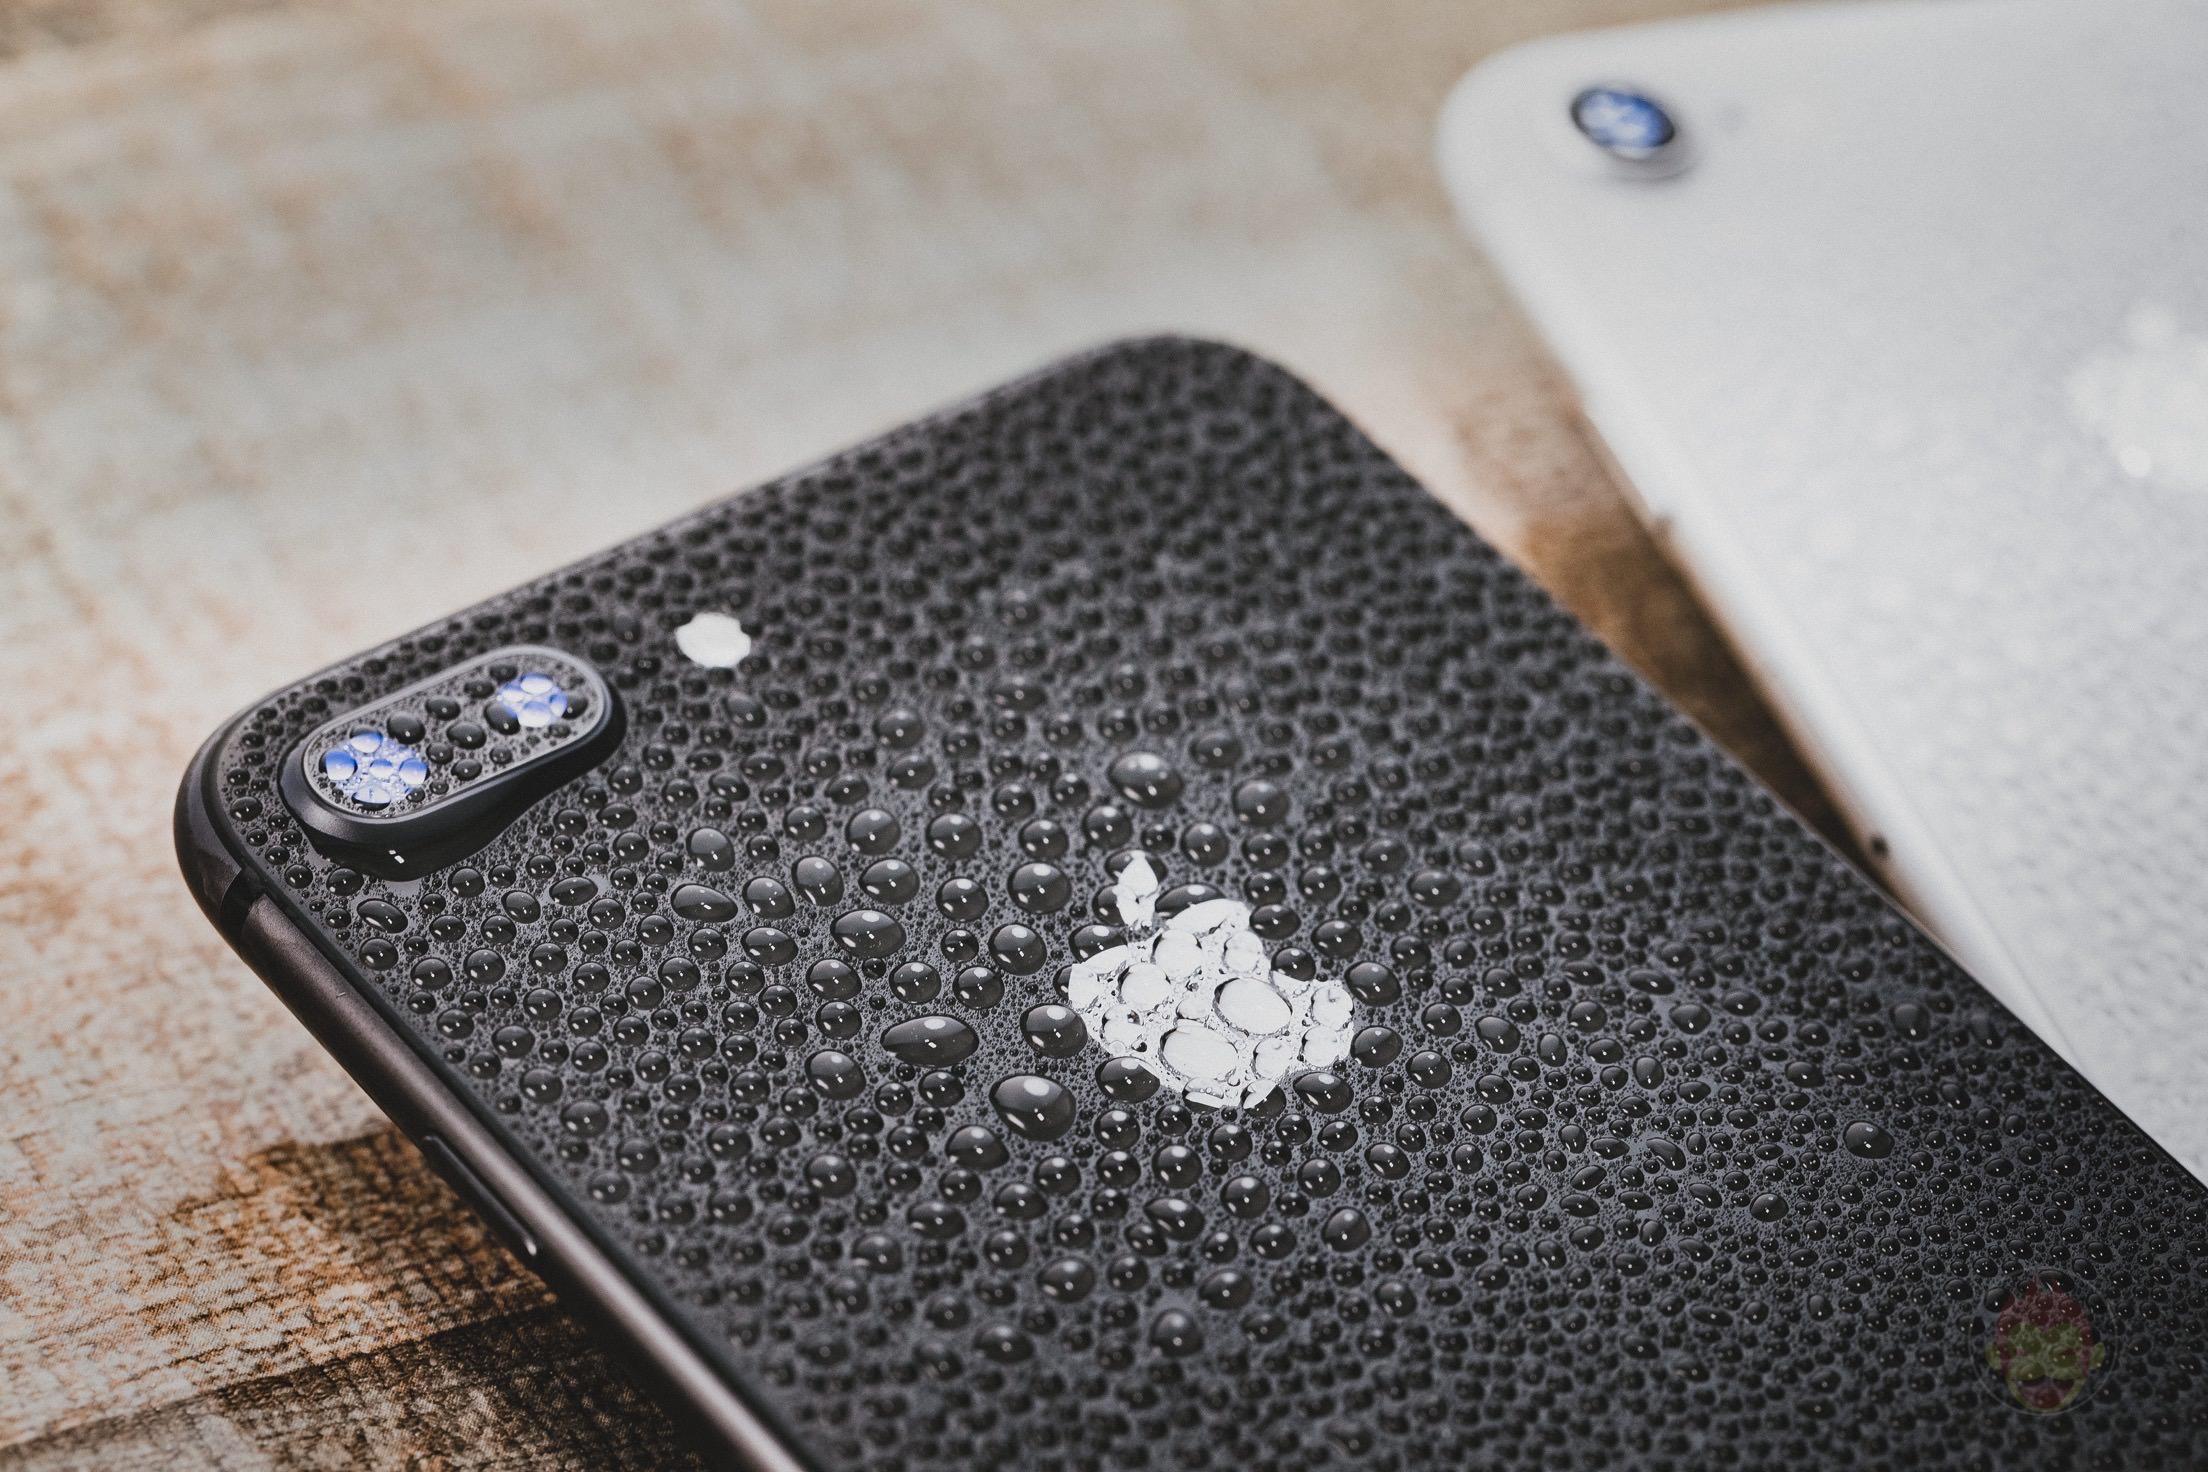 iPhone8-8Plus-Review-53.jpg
...
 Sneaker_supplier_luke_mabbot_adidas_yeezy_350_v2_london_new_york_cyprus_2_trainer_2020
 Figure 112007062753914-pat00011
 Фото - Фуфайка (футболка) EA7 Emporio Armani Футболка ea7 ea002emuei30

▶ Problem:
Considering only the material above, set down every line from the one with "Figure 112007062753914-pat00011" to the one with "Фото - Фуфайка", inclusive, exactly as written.

▶ Answer section:
 Figure 112007062753914-pat00011
 Фото - Фуфайка (футболка) EA7 Emporio Armani Футболка ea7 ea002emuei30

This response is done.